Luego entendí por mi cuenta que el sacrificio, salvo para los héroes, es coyuntural, además de un ejercicio íntimo, un convencimiento puro. Todos los sacrificios colectivos, desde la quema de Bayamo hasta Playa Girón, se han conformado de pequeños y voluntarios sacrificios individuales, y la Patria ha salido ilesa en buena medida porque anteriormente los patriotas lograron quedar en paz con ellos mismos.

Hubo, por tanto, un desfasaje aquella tarde. O la profesora nos vendía una gesta inexistente o los cuatrocientos alumnos éramos unos bastardos sin alma, egoístas sin salvación alguna. Mi intuición me decía que había hecho lo correcto, pero mi intuición me ha fallado muchas veces.

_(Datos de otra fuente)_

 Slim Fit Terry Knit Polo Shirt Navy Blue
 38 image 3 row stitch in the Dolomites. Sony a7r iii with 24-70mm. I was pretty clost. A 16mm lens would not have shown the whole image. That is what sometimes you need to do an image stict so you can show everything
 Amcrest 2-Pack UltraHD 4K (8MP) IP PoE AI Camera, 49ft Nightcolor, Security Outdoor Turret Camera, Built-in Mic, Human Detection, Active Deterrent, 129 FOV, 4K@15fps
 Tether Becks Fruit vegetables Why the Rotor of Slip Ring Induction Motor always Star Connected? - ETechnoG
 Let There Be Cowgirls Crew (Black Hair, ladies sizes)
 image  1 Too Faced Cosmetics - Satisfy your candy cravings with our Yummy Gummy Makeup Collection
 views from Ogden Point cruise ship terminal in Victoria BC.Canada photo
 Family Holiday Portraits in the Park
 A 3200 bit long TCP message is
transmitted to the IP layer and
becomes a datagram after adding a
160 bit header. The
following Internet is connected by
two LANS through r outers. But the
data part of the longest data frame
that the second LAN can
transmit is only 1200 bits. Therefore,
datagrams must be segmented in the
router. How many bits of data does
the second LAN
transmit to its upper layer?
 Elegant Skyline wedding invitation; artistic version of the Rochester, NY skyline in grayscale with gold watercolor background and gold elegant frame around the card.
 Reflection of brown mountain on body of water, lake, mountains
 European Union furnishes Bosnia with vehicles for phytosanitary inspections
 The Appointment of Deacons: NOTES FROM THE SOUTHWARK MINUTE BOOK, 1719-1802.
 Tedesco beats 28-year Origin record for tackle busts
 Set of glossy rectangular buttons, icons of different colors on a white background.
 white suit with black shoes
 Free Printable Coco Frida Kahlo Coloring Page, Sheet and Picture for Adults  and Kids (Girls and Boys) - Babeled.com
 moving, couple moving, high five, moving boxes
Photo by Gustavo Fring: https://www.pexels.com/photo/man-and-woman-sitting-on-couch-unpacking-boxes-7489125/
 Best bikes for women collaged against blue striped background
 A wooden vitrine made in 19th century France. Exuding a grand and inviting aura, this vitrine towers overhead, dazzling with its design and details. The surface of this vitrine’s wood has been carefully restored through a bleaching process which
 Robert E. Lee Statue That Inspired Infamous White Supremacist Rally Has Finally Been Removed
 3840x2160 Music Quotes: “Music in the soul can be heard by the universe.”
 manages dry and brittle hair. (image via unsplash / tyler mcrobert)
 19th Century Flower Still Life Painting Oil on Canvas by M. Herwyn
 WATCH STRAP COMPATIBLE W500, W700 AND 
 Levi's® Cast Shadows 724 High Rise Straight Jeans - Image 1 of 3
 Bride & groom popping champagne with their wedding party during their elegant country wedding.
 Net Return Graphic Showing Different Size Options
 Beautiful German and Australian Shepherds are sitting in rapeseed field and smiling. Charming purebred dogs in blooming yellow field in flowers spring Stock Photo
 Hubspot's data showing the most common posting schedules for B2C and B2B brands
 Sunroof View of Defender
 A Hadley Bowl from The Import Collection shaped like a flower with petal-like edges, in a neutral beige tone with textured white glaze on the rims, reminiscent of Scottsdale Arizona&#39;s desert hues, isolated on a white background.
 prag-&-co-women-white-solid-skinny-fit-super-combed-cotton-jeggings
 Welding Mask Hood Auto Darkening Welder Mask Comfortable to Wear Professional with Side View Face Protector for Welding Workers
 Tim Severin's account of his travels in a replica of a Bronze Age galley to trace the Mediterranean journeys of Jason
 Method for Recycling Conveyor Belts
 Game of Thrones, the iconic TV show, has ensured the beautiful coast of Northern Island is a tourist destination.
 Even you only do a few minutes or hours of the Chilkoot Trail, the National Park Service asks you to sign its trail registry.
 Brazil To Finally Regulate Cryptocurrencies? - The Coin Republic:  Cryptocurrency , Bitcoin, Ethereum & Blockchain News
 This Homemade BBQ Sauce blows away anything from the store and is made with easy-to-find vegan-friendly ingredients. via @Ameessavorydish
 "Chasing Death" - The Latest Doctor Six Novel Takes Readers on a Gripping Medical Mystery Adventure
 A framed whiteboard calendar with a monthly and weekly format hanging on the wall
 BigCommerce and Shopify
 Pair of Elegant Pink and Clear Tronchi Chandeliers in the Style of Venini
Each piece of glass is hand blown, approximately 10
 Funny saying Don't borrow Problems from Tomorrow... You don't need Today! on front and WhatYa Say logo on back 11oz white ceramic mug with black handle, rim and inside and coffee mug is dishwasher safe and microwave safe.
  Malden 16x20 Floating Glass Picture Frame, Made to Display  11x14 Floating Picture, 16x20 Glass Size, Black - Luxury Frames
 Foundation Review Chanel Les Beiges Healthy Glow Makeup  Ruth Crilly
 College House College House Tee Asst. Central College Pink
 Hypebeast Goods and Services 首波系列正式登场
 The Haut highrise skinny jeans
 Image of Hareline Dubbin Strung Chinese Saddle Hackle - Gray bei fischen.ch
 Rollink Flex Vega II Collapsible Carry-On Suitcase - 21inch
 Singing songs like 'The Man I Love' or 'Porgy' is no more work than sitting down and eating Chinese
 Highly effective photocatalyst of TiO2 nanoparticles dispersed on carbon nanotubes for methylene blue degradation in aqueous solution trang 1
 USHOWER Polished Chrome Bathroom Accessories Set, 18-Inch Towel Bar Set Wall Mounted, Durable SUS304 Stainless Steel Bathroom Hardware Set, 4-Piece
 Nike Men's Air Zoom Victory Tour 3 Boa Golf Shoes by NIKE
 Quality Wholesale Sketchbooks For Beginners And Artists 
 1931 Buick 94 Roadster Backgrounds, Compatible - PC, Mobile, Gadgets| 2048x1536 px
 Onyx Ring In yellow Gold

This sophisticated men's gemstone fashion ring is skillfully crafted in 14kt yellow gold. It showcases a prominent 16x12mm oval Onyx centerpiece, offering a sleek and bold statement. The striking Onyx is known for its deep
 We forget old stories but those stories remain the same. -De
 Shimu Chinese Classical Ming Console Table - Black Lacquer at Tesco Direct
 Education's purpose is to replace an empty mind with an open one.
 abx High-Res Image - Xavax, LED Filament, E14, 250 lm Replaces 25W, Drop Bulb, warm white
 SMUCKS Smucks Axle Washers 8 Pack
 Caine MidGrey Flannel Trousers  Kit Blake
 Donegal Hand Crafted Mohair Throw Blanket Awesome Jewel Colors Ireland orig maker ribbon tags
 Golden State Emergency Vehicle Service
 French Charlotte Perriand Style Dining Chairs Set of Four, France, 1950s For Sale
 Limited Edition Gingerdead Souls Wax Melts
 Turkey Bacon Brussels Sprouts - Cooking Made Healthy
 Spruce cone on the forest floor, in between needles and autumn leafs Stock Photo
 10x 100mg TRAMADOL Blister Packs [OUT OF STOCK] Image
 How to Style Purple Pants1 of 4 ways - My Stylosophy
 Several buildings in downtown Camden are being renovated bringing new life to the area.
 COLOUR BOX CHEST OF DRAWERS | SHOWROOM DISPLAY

Semanas después hablé con mi padre y le comenté el tema. Le dije que pensaba compensar mi negativa al magisterio con un pedido voluntario para cumplir el servicio militar en la frontera, en Guantánamo. Hice el pedido, junto con otro amigo, pero nunca nos respondieron. Mi padre me miró, y mientras se servía un vaso de agua me aconsejó que no me perturbara. No tienes nada que buscar en un aula, dijo. Guantánamo sí, si quieres, pero maestro no. Hay una diferencia, sentenció. Averíguala.

Mi padre, en su momento, había ido a Angola, había pedido entrenamiento para insertarse en alguna guerrilla latinoamericana (ya he dicho esto antes), y había asumido el Período Especial con estoicismo, con más estoicismo que el estoicismo común, que ya era mucho. De mi padre, siempre en el límite del sacrificio, yo esperaba otra respuesta, no un asentimiento tan rotundo. No entendía bien qué era lo que estaba sucediendo, o qué era lo que había sucedido. Tenía, en ese entonces, diecisiete años. Ahora tengo veintitrés.